A Medicine Not Taken Is Not Yet Really Medicine

This medicine is like the rain of the Dharma in Chapter 5, the same rain that goes everywhere to nourish all kinds of plants, but is received differently because people are different in their abilities, in what they like and dislike, and in their backgrounds. In other words, Buddha-medicine needs to be different for different people. What is important is to discern what medicine will actually work for someone. The medicine prepared for and given to the children is not really medicine at all for them until they actually take it. A medicine that is not taken, no matter how well prepared and no matter how good the intentions of the physician, is not effective, not skillful, not yet really medicine.

The same is true of the Buddha Dharma. It has to be taken or embraced by somebody, has to become real spiritual nourishment for someone, in order to be effective.
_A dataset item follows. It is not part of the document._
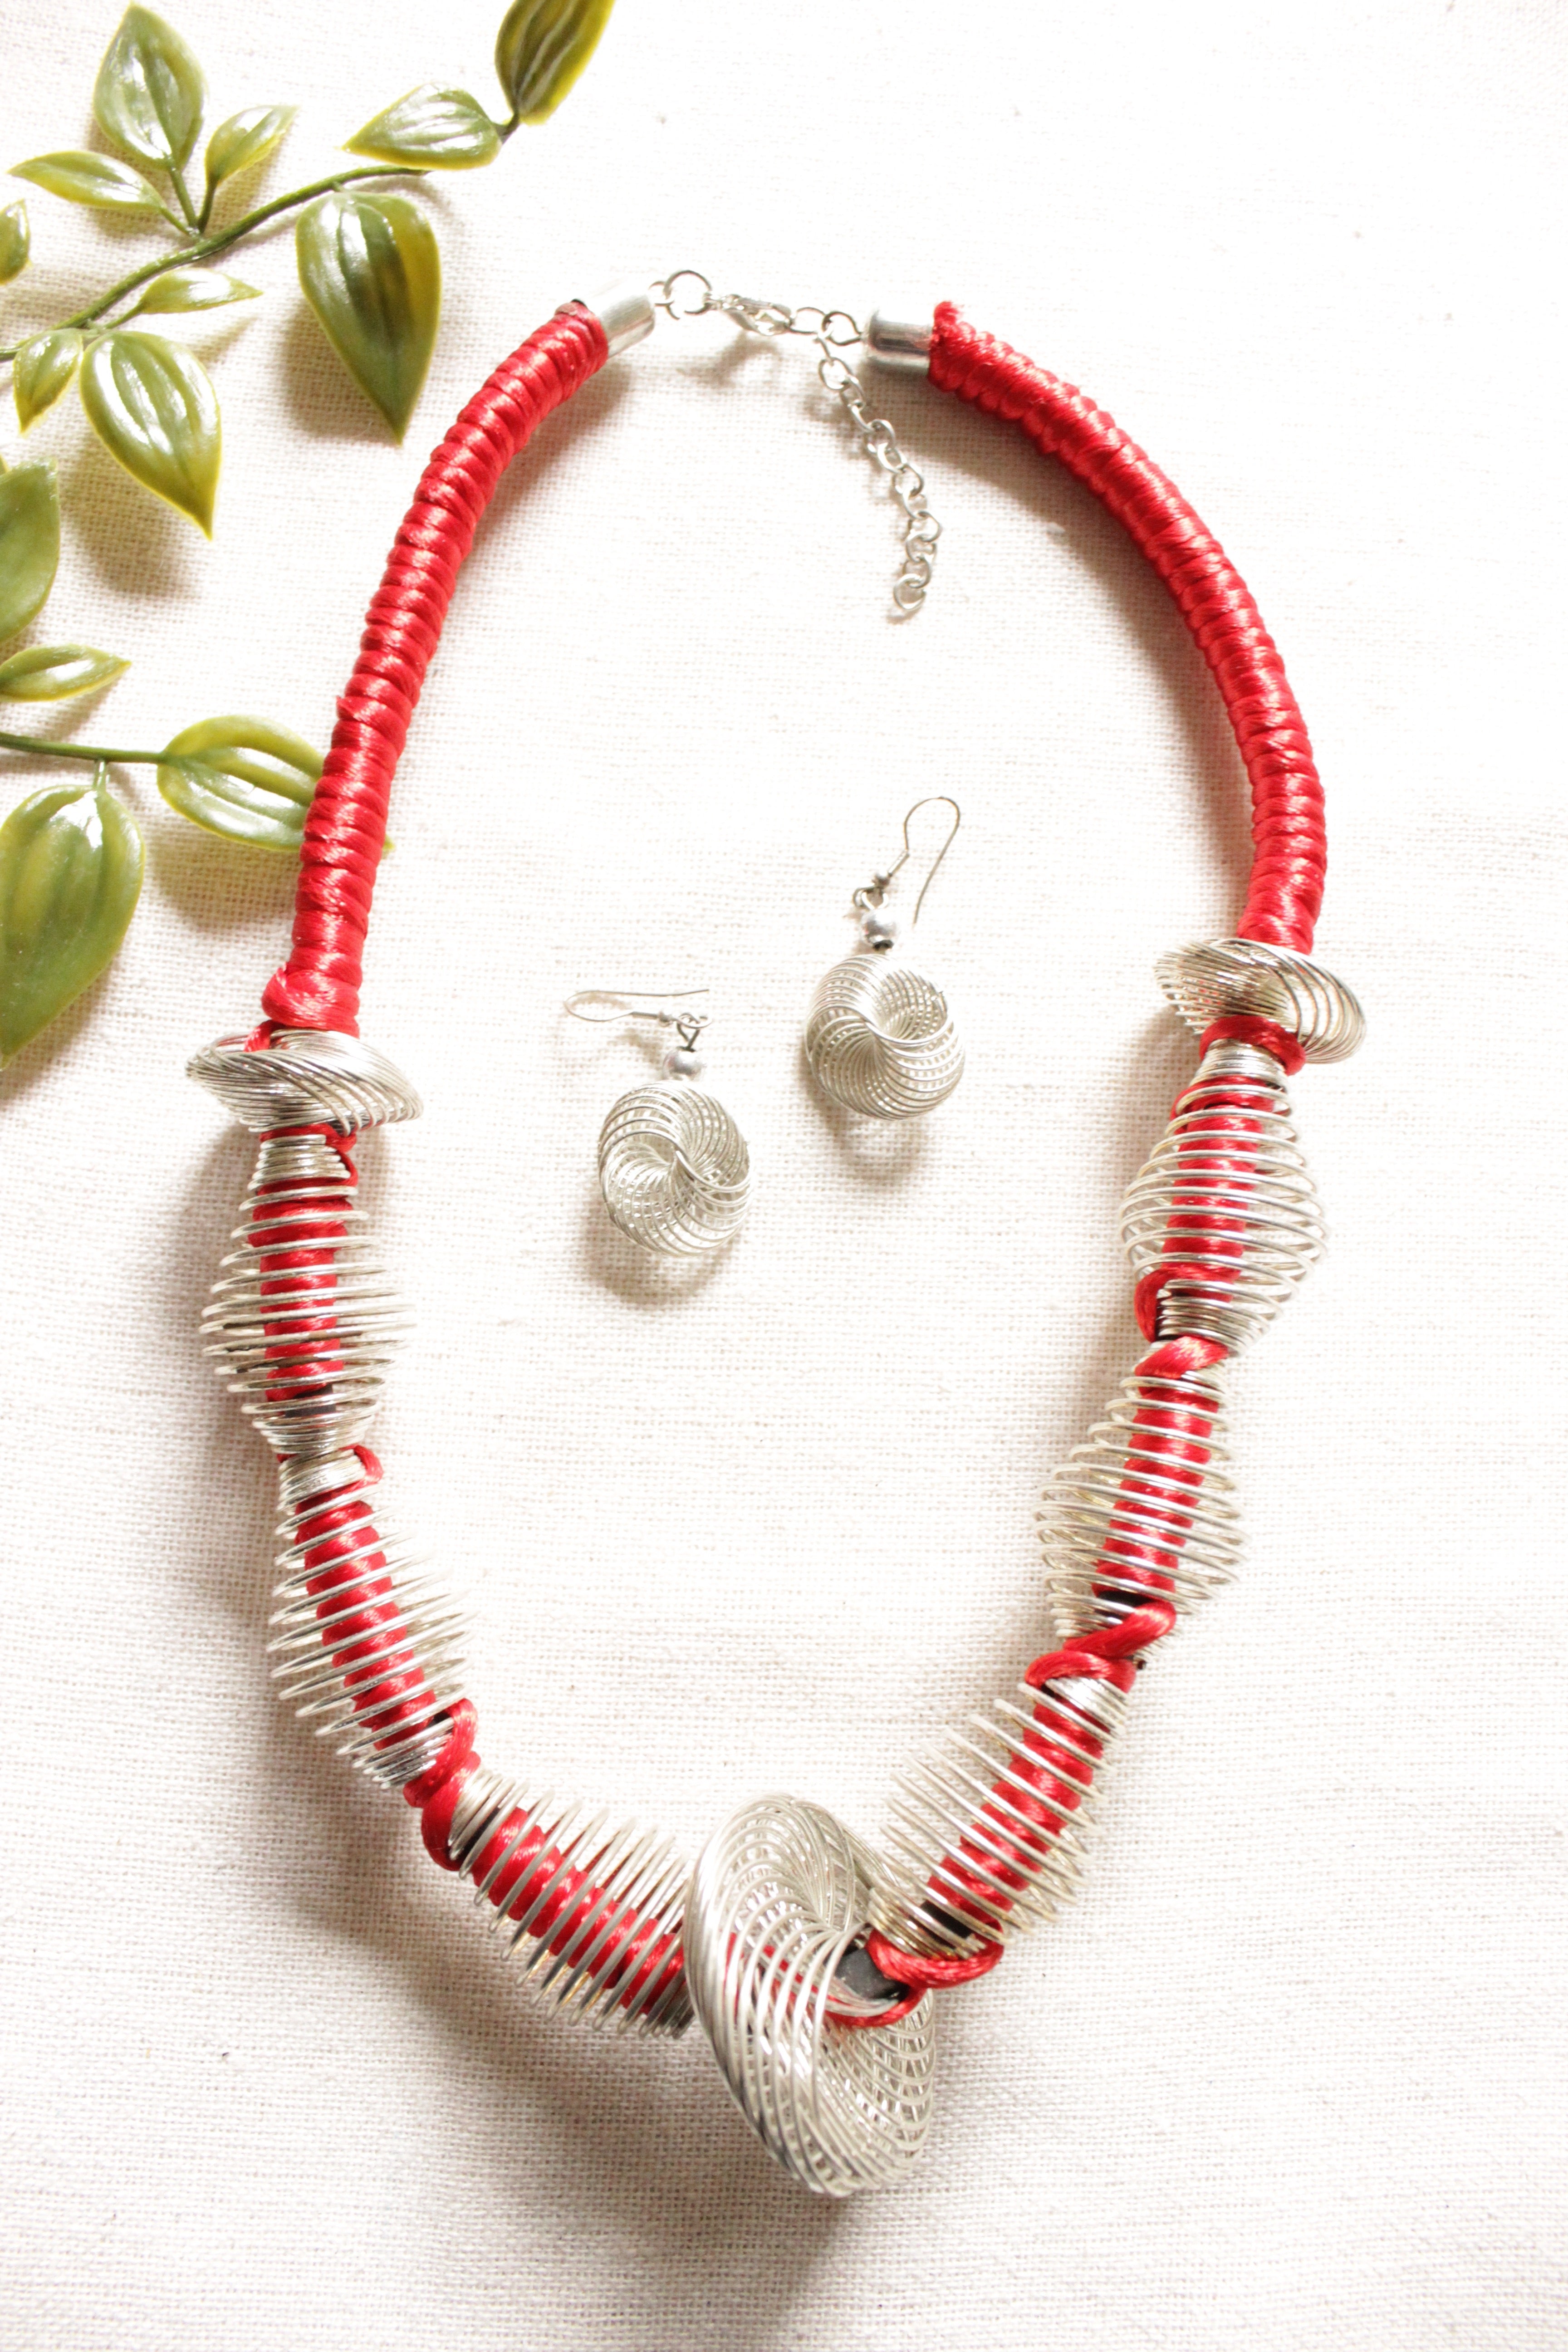 Metal Wire Braided Around Thread Necklace Red Contemporary Necklace Set

Again, this is why in the Dharma Flower Sutra teaching is always a two-way relationship. Dharma is not the Dharma until it is received and embraced by someone. And, of course, people are different – so the Dharma has to be taught in a great variety of ways, using different stories, different teachings, poetry as well as prose, and so on.
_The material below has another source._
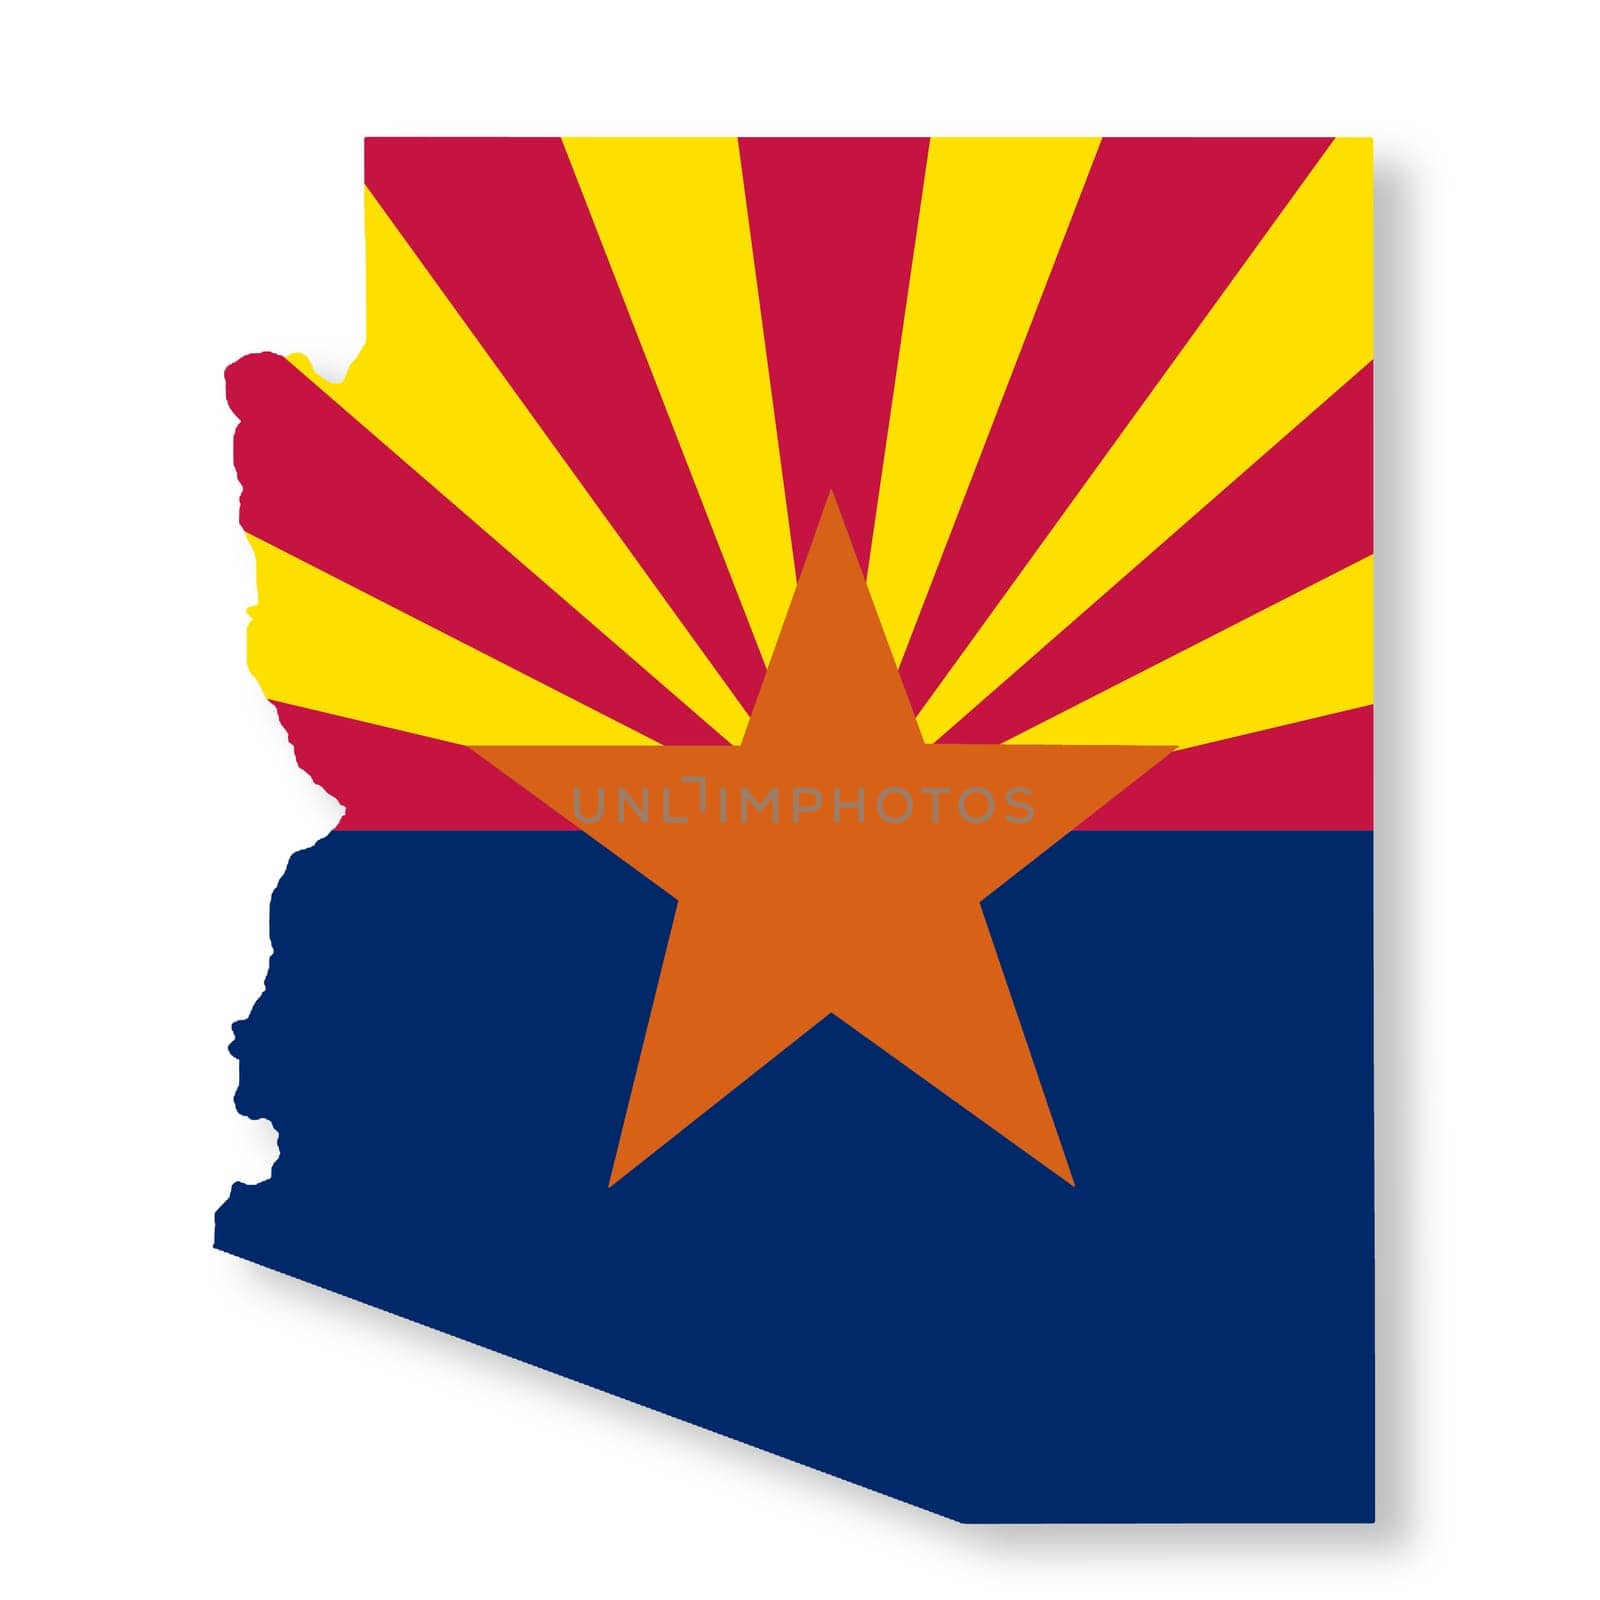 An Arizona State Flag Map Illustration with clipping path

The same is true of religious practices. For some Buddhists, meditation is effective; for others, recitation; for others, careful observance of precepts; for still others, sutra study; and so on. It is through an ample variety of teachings and practices that the Dharma has been effective and can be effective still. If we insist that there is only one proper way to practice Buddhism, it would be as if the physician in this story decided to let the children die because they did not immediately take the medicine he had offered.